Друзья крепко обнялись.
Дорога изматывала Стеллера. Постоянные холодные дожди сменялись мокрым, колючим снегом. Лошади вязли копытами в раскисшей глине и нехотя тащили повозку. Промозглость погоды тягостными мотивами бередила душу и усугубляла печаль. Панические мысли не давали покоя, угнетали и сводили с ума. Георг кутался в одежды, его знобило, и он не понимал почему: то ли сдавали нервы, то ли начиналась лихорадка.
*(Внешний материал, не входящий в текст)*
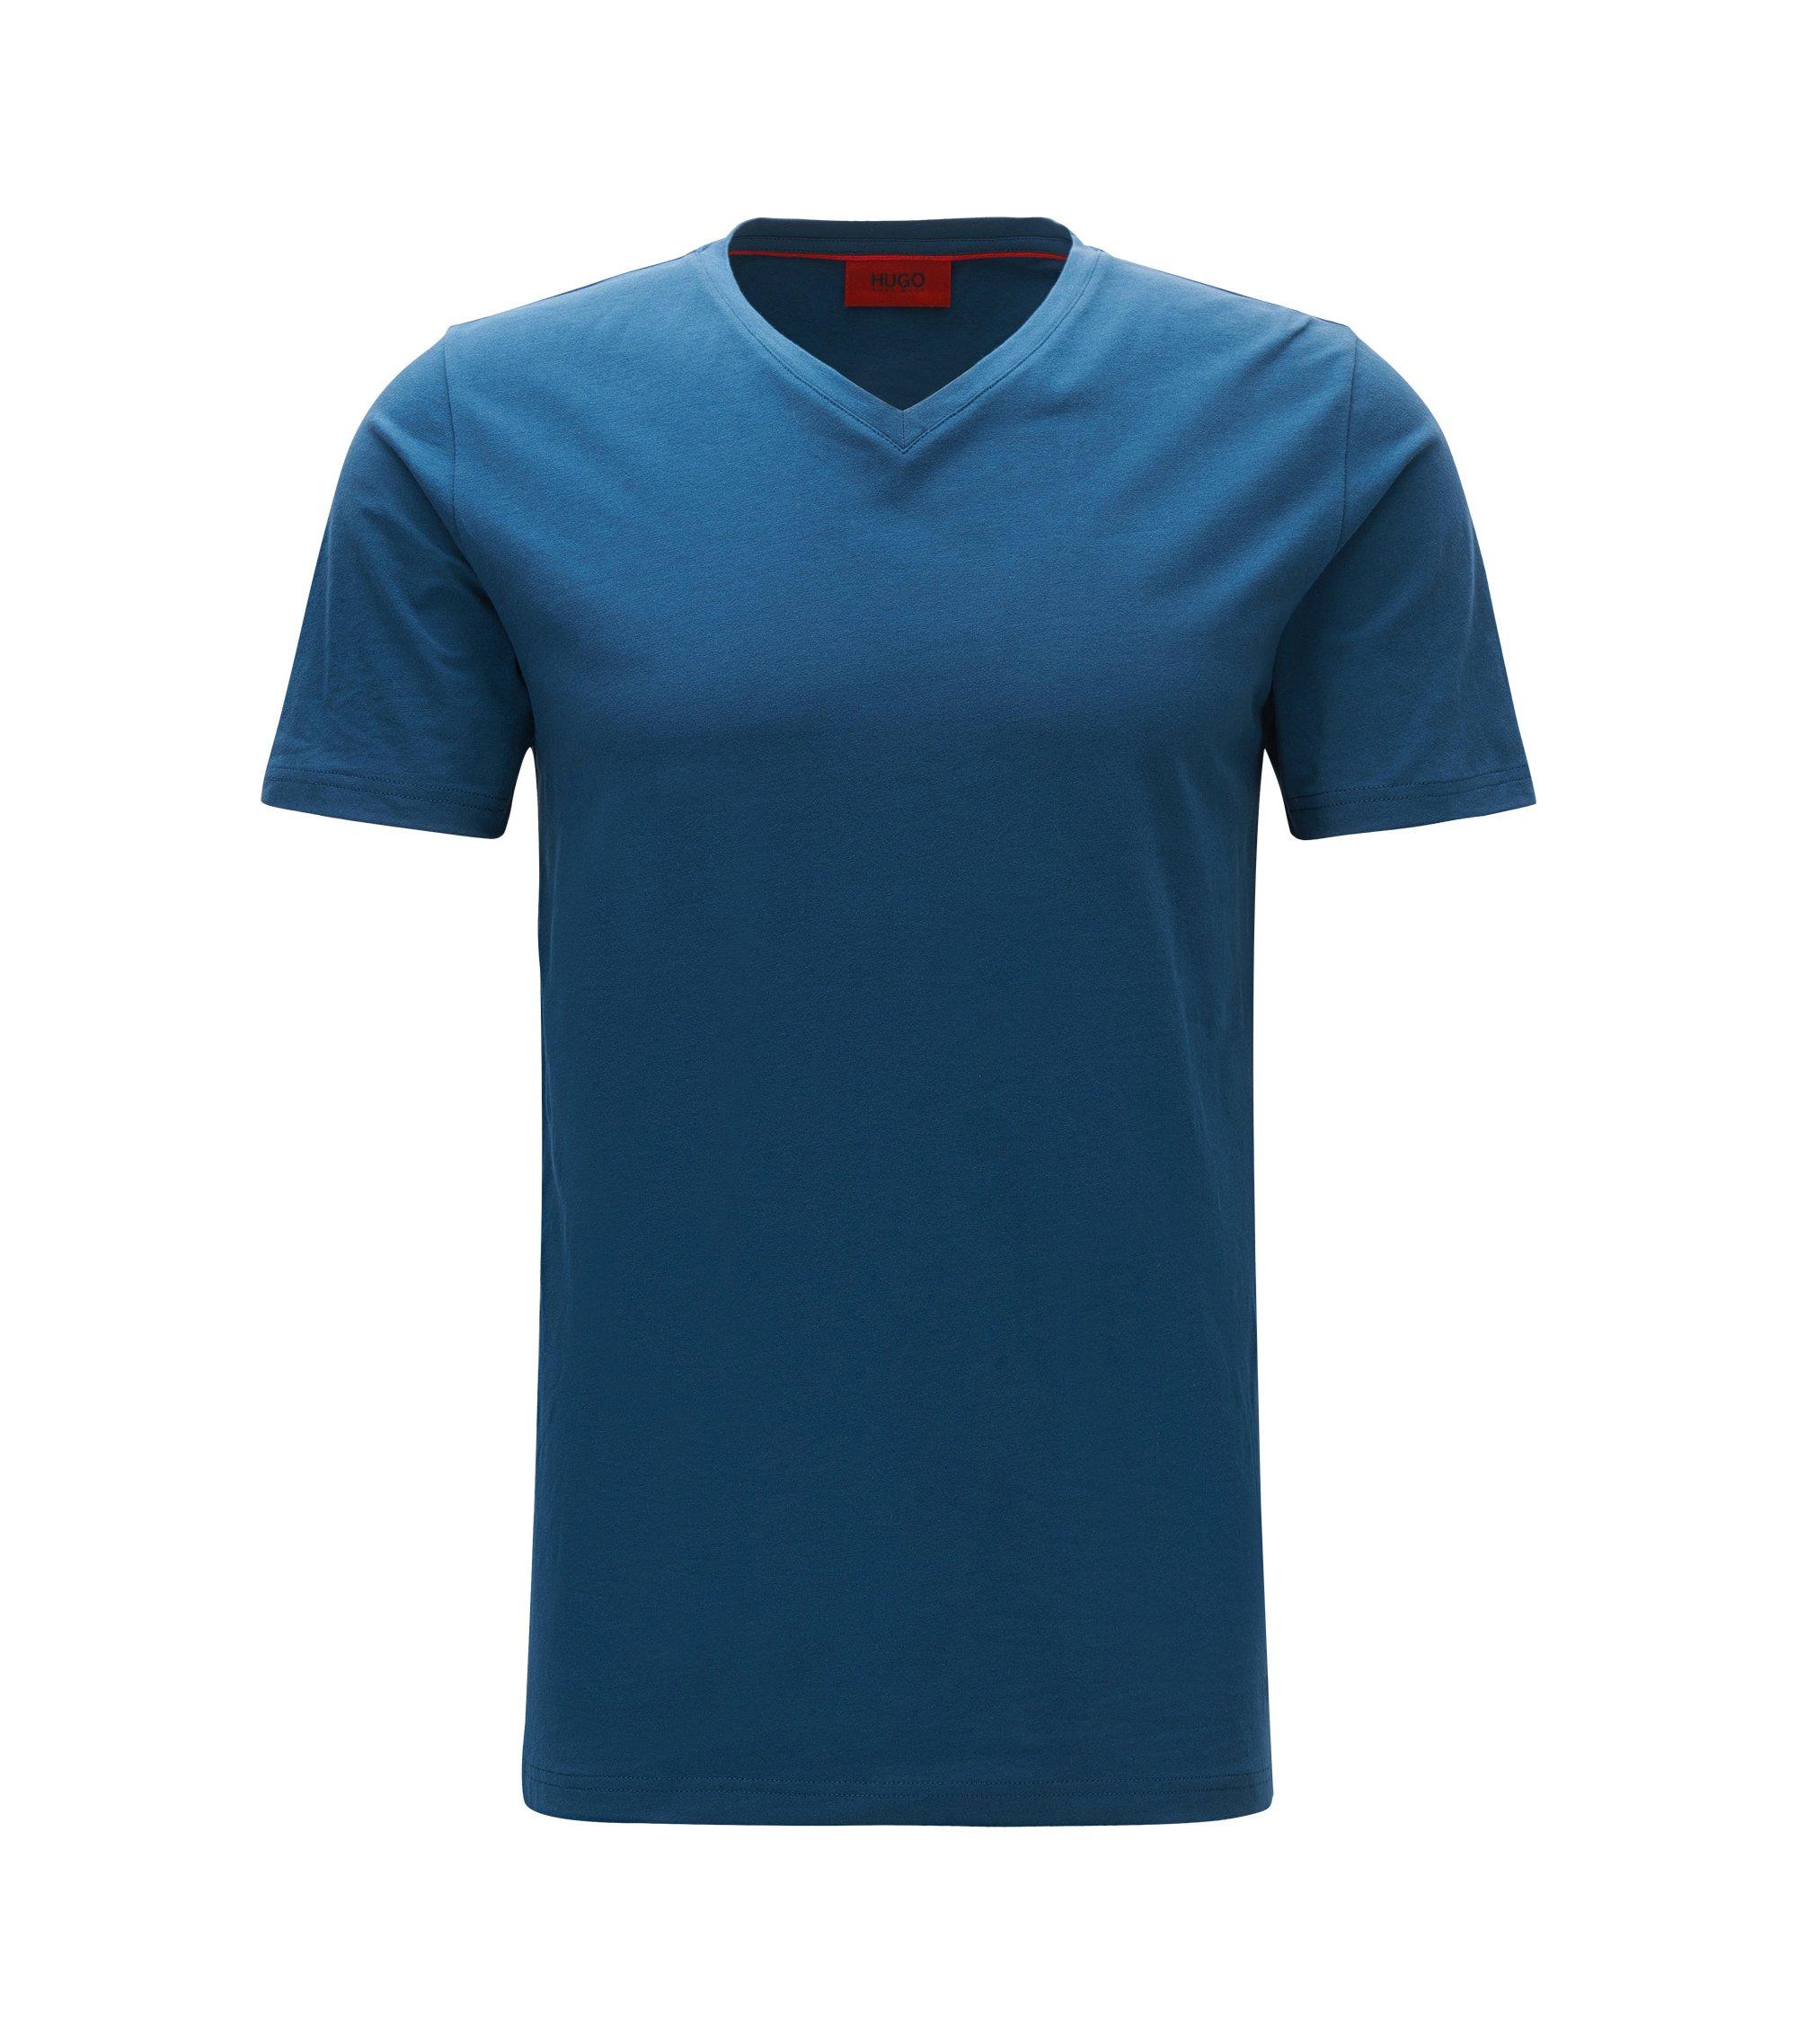 V-neck T-shirt in stretch cotton jersey, Dark Blue

Да и постоянное присутствие конвоя наводило бесконечный страх. Безудержное отчаяние охватило Стеллера, и он был готов ко всему. Но стоило ему вспомнить о Хионии, думы о своей судьбе отступали и в памяти возрождался образ прекрасного цветка, увиденного на Аляске. На минуты становилось тепло и спокойно.
«Только бы она ожила!» — думал Георг.
Стеллер преодолел уже немало пути, когда его повозку нагнал курьер от Сената.
— Георг Вильгельм Стеллер, вы свободны, — равнодушно объявил он. — Обвинений против вас нет, и вы можете возвращаться в Петербург.
Георг сложил руки на груди и безучастно посмотрел на курьера. Известие он воспринял спокойно, лишь малозаметная искра на мгновение вспыхнула в провалившихся глазах и тут же погасла.
— Вы больны? — спросил курьер.
— Нездоровится, — кивнул Георг. — Беспокоюсь, что лихорадка.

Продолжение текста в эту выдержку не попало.